Eventually, when the Janata Party came to office and Morarji Desai, a member of the old Syndicate, became Prime Minister, an attempt was made to turn back the clock by sending Sanjeeva Reddy to Rashtrapati Bhavan. Reddy reminded us why there had been so many doubts about his candidacy the first time around by waging an open battle with his old Syndicate mentors and fighting a public war with Morarji Desai. (Morarji published their correspondence in 1983 in a book he authorised.)

By the time Indira Gandhi appointed Giani Zail Singh to the job, it was clear that the era of Radhakrishnan and Zakir Hussain had passed. Singh’s record as a political hack was so poor that it made Sanjeeva Reddy seem like a moral giant in comparison. Shortly after he was appointed Home Minister, he grovelled before Sanjay Gandhi, publicly referring to him as his ‘rehnuma’ (benefactor). When he was nominated for the presidency, he declared, “I will do whatever Indiraji wants me to. If she wants me to pick up a broom and sweep the room, I will do that.”

And yet, once he was ensconced in Rashtrapati Bhavan, he proceeded to undermine Mrs Gandhi by sabotaging talks with the Akalis, aimed at solving the Punjab problem. When Rajiv Gandhi succeeded his mother, Zail Singh expected Rajiv to be grateful that he had sworn him in without a murmur.
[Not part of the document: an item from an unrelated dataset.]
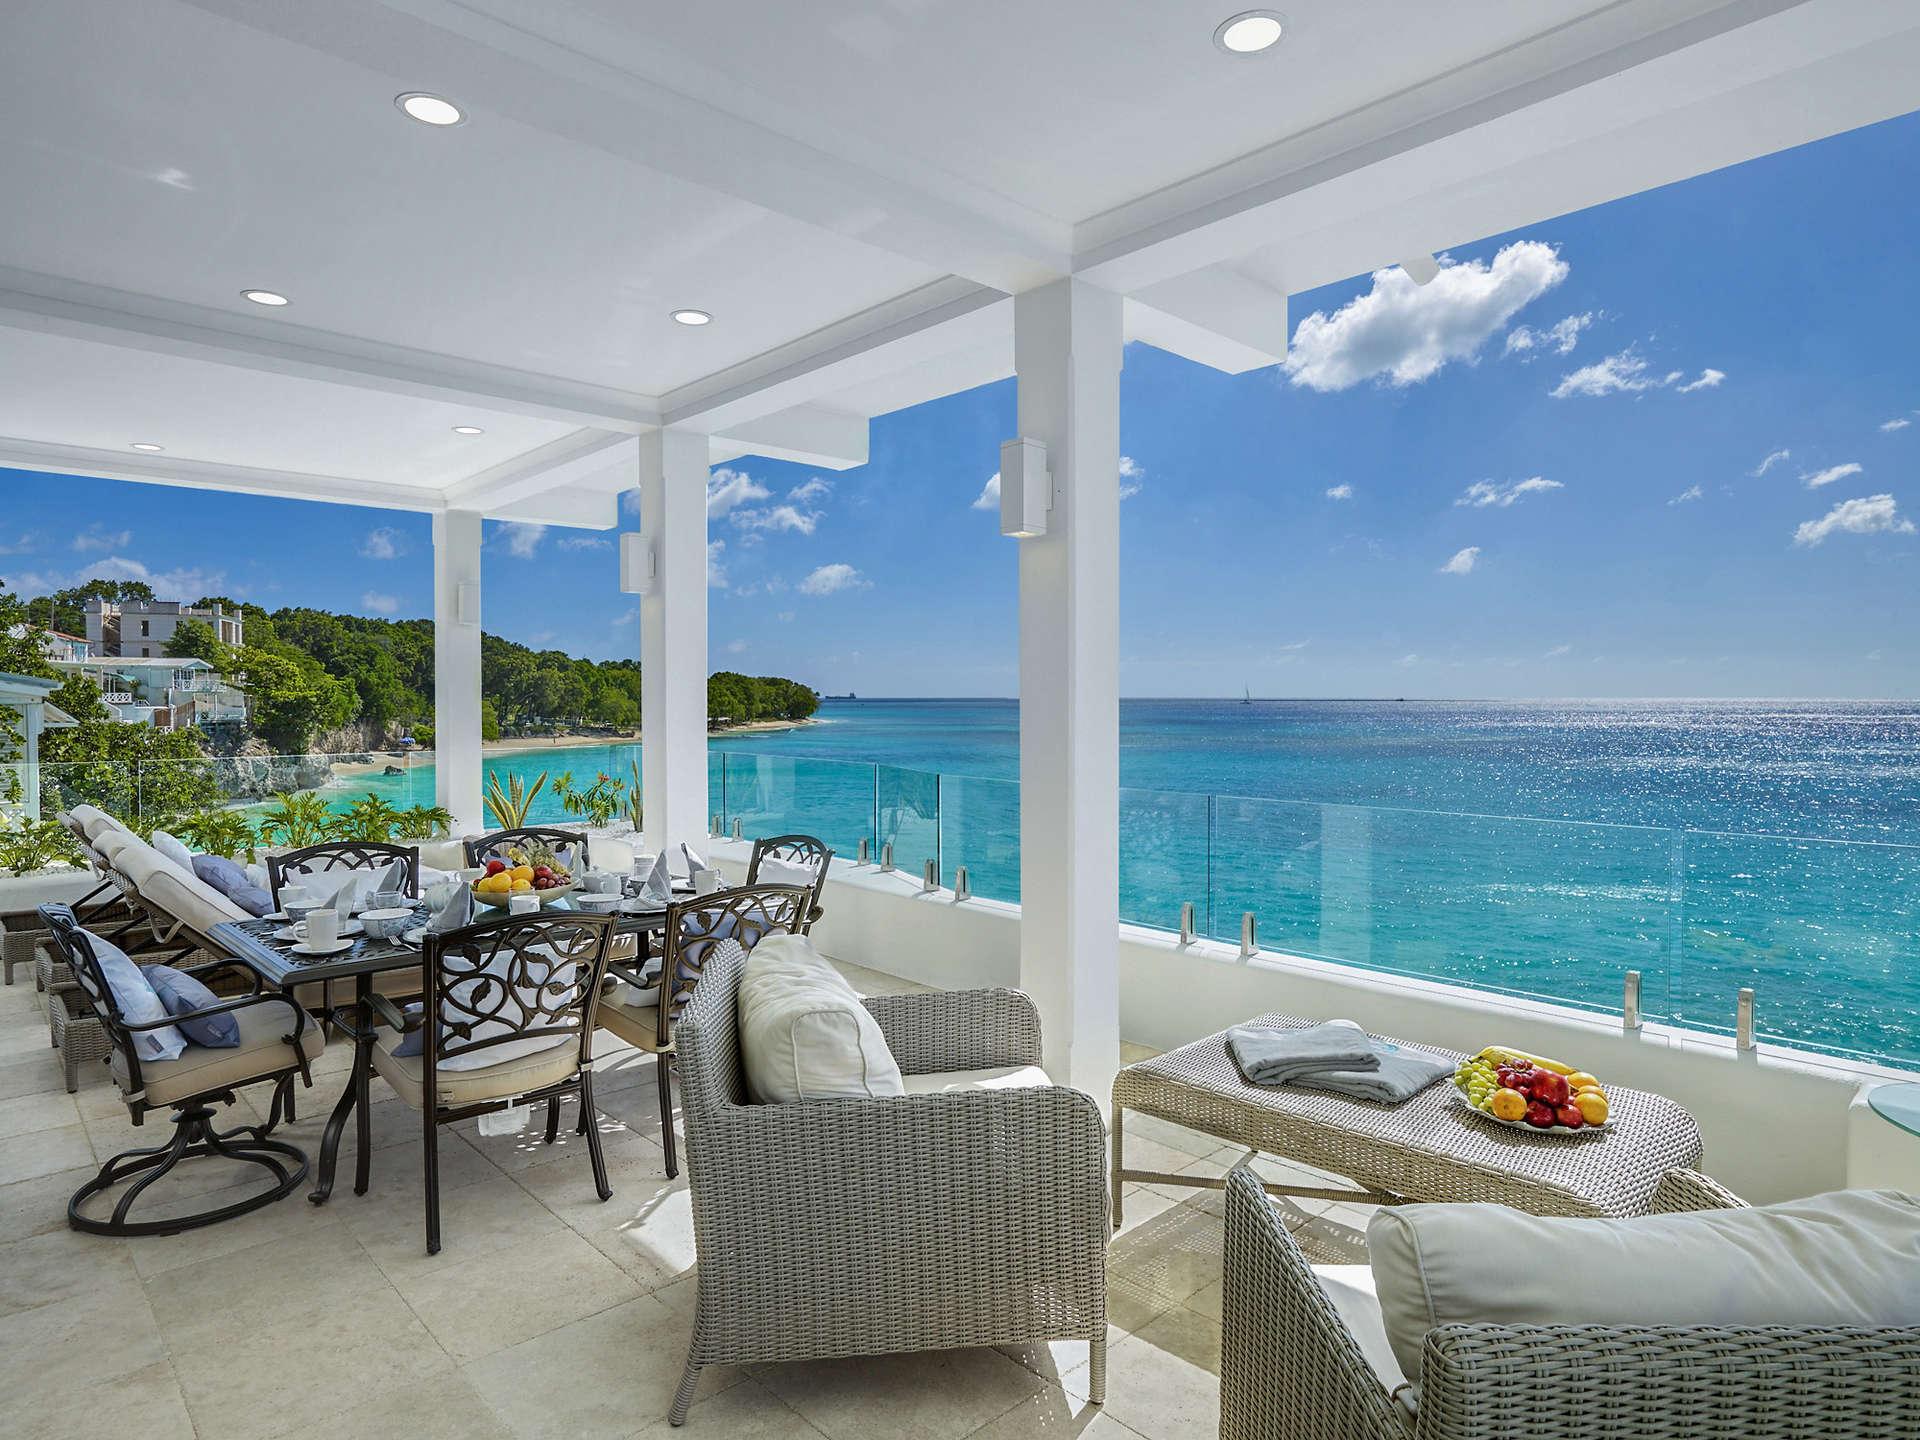 Luxury villa rentals caribbean - Barbados - St james - Prospect - Ocean Heights - Image 1/16

Later, sensing that Rajiv was not grateful enough to give him a second term, the Giani turned Rashtrapati Bhavan into a den of sleaze, conspiring with the likes of Chandra Swami to dismiss the legally-elected government of India.

Fortunately, standards have improved somewhat since Zail Singh’s exit. R. Venkatraman was a compromise choice to succeed the Giani (Rajiv had wanted Shankaranand, who nearly became the first Harijan President) and he elevated the level of the presidency — not difficult to do when your predecessor is Zail Singh. Shankar Dayal Sharma was well-meaning and harmless, and Narayanan was actually the best President we’ve had in many decades: witty, erudite and dignified.

But we still do not have a system that ensures that India gets the President it deserves. The scramble that followed the end of Narayanan’s term (which threw up Kalam’s name) demonstrated how compromise candidates tend to be favoured over men and women of merit and capability. I doubt very much if anyone will want to give Kalam a second term. And yet, though the presidential election is due next year, nobody’s even thought of possible candidates.

No doubt when the time comes, there will be the usual desperate search for compromises. And once again we will end up with an accidental President.